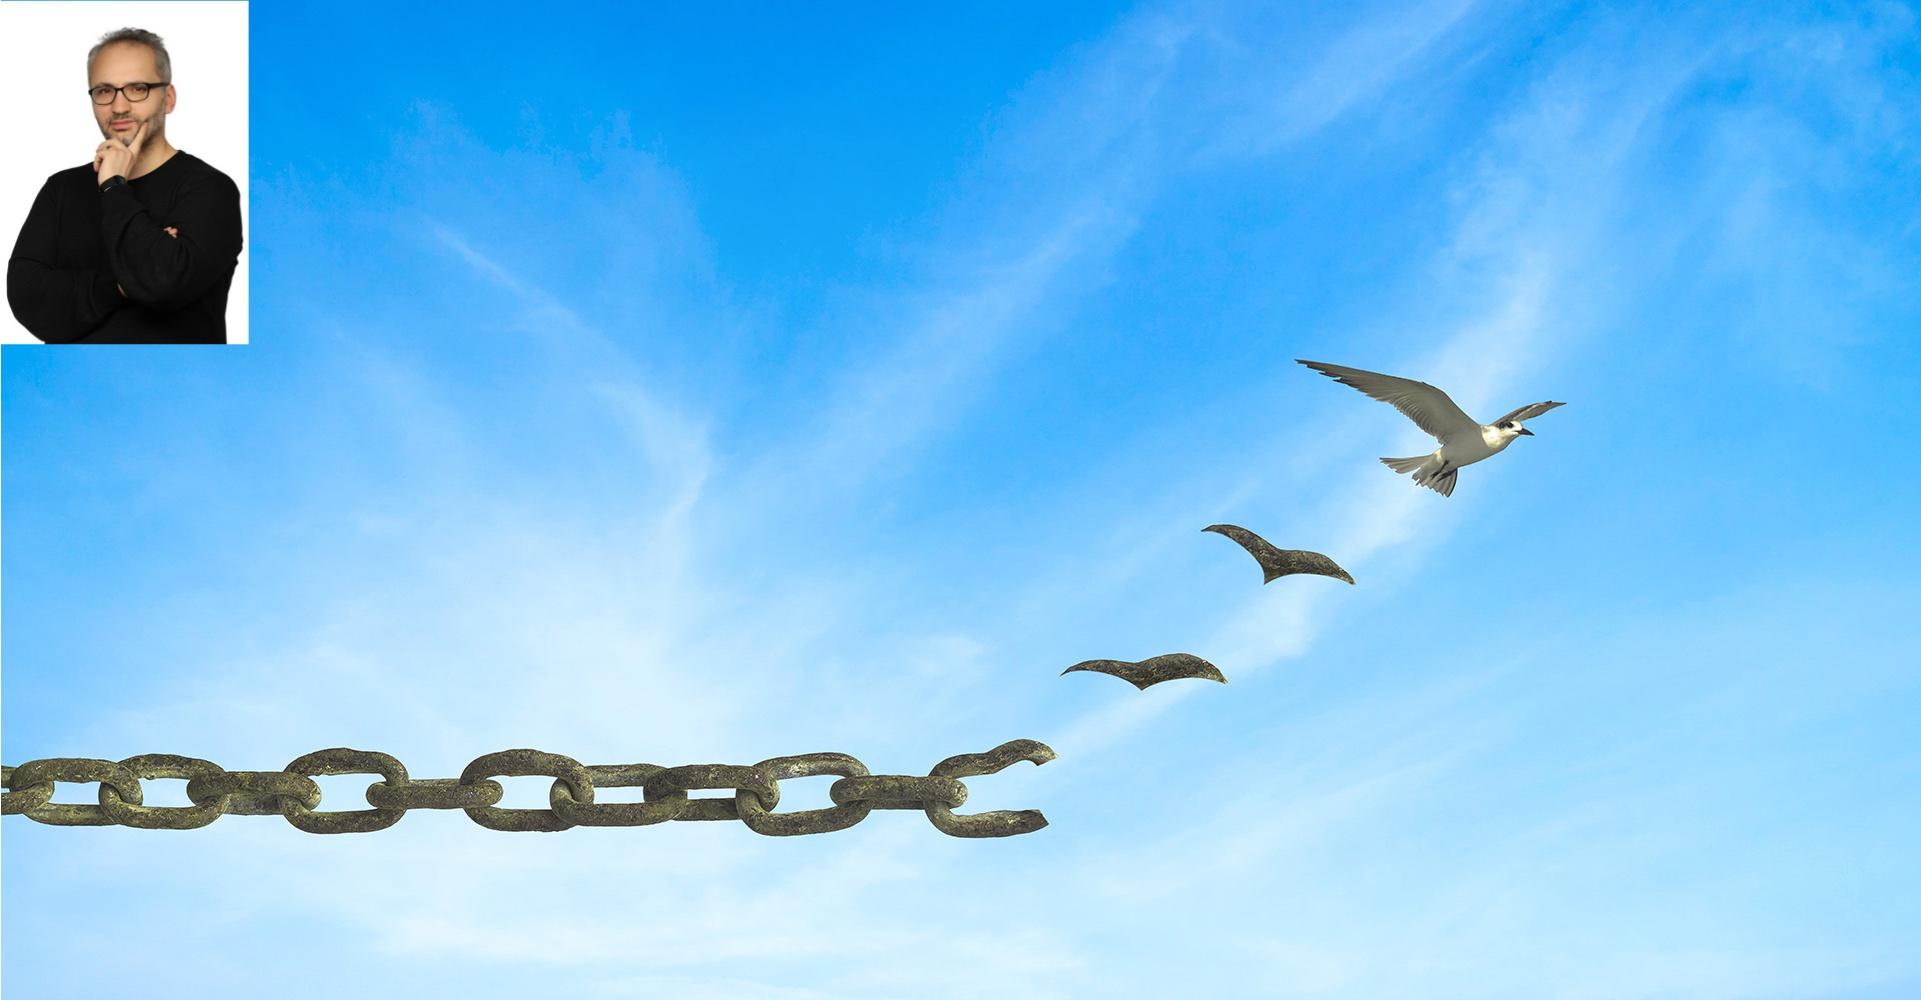 YAVUZ BİNGÖL'DEN SARTRE'A, EĞİTİMİN TEMELİ OLARAK ÖZGÜRLÜK SORUNSALI
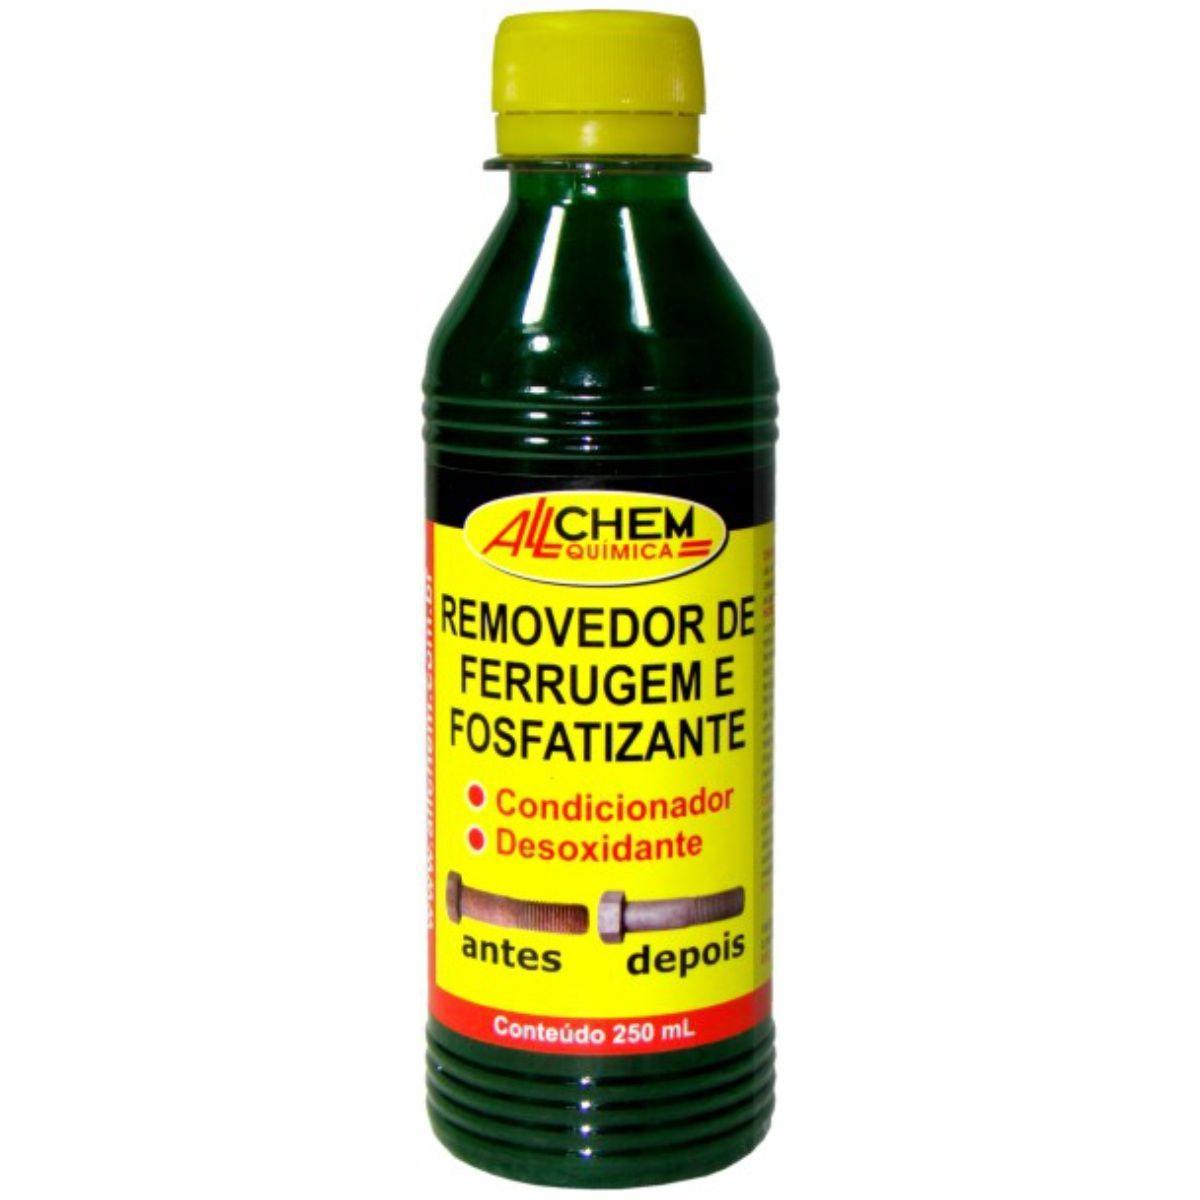 Removedor de Ferrugem e Fosfatizante 12x250 mL
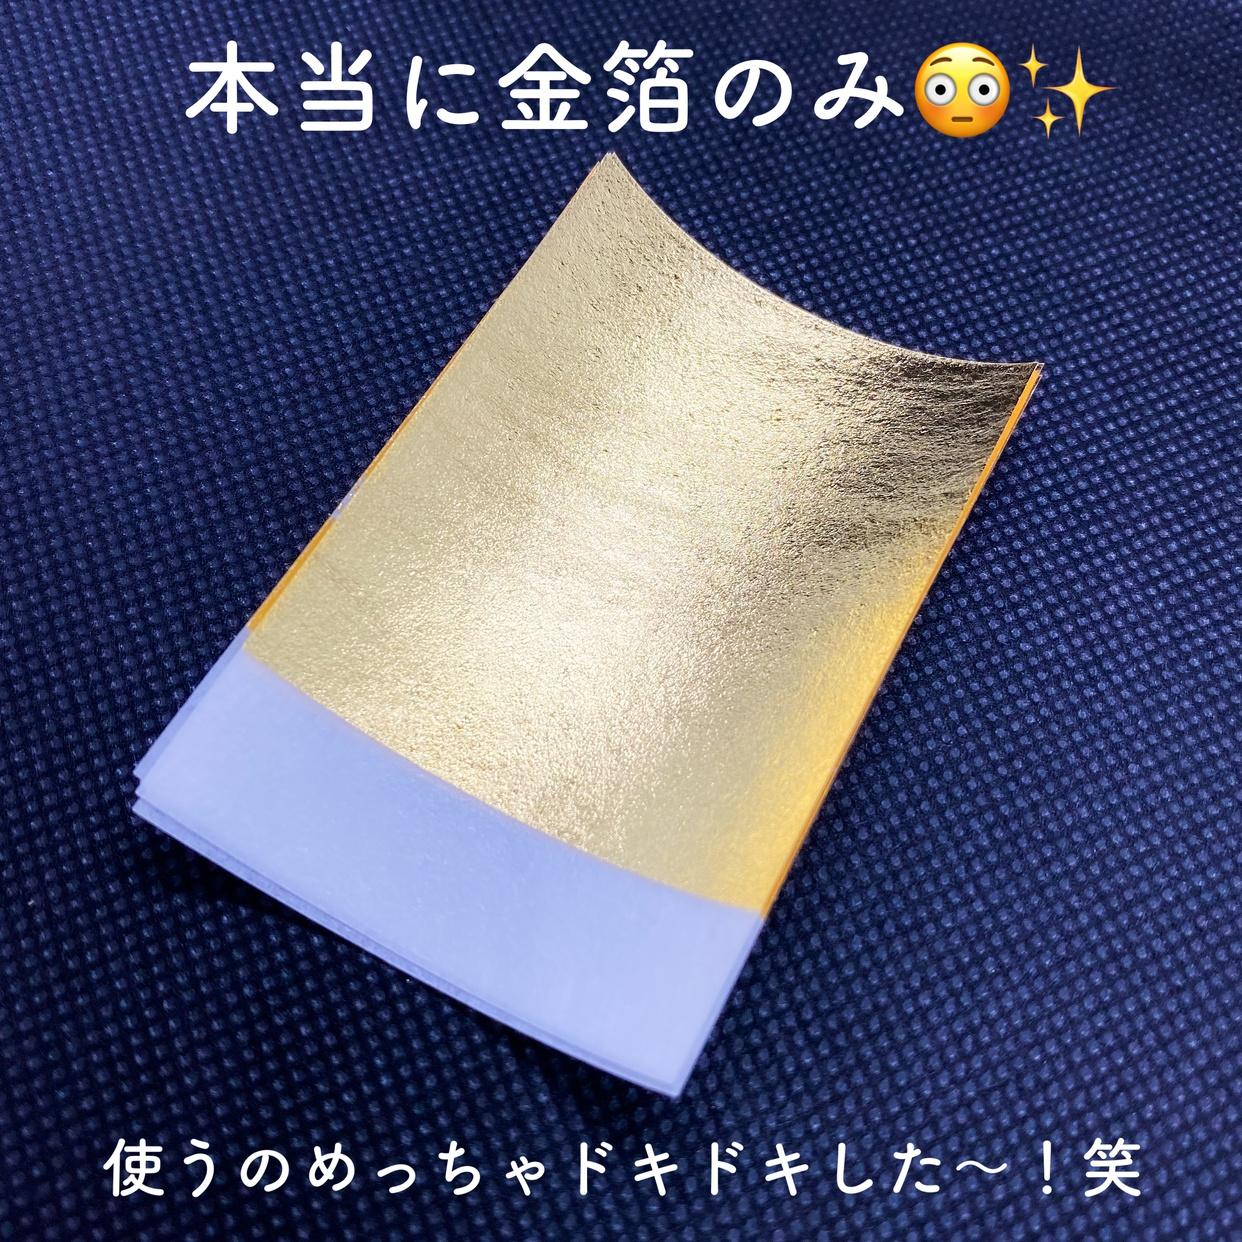 MAKANAI(マカナイ) 金箔シート艶肌マスクを使った只野ひとみさんのクチコミ画像3
○ ○ ○ ○ ○
* _Directions_
Give back the material above exactly as it appears, minus the pictures.

* _Output of the exercise_
 YAVUZ BİNGÖL'DEN SARTRE'A, EĞİTİMİN TEMELİ OLARAK ÖZGÜRLÜK SORUNSALI
 Removedor de Ferrugem e Fosfatizante 12x250 mL
 MAKANAI(マカナイ) 金箔シート艶肌マスクを使った只野ひとみさんのクチコミ画像3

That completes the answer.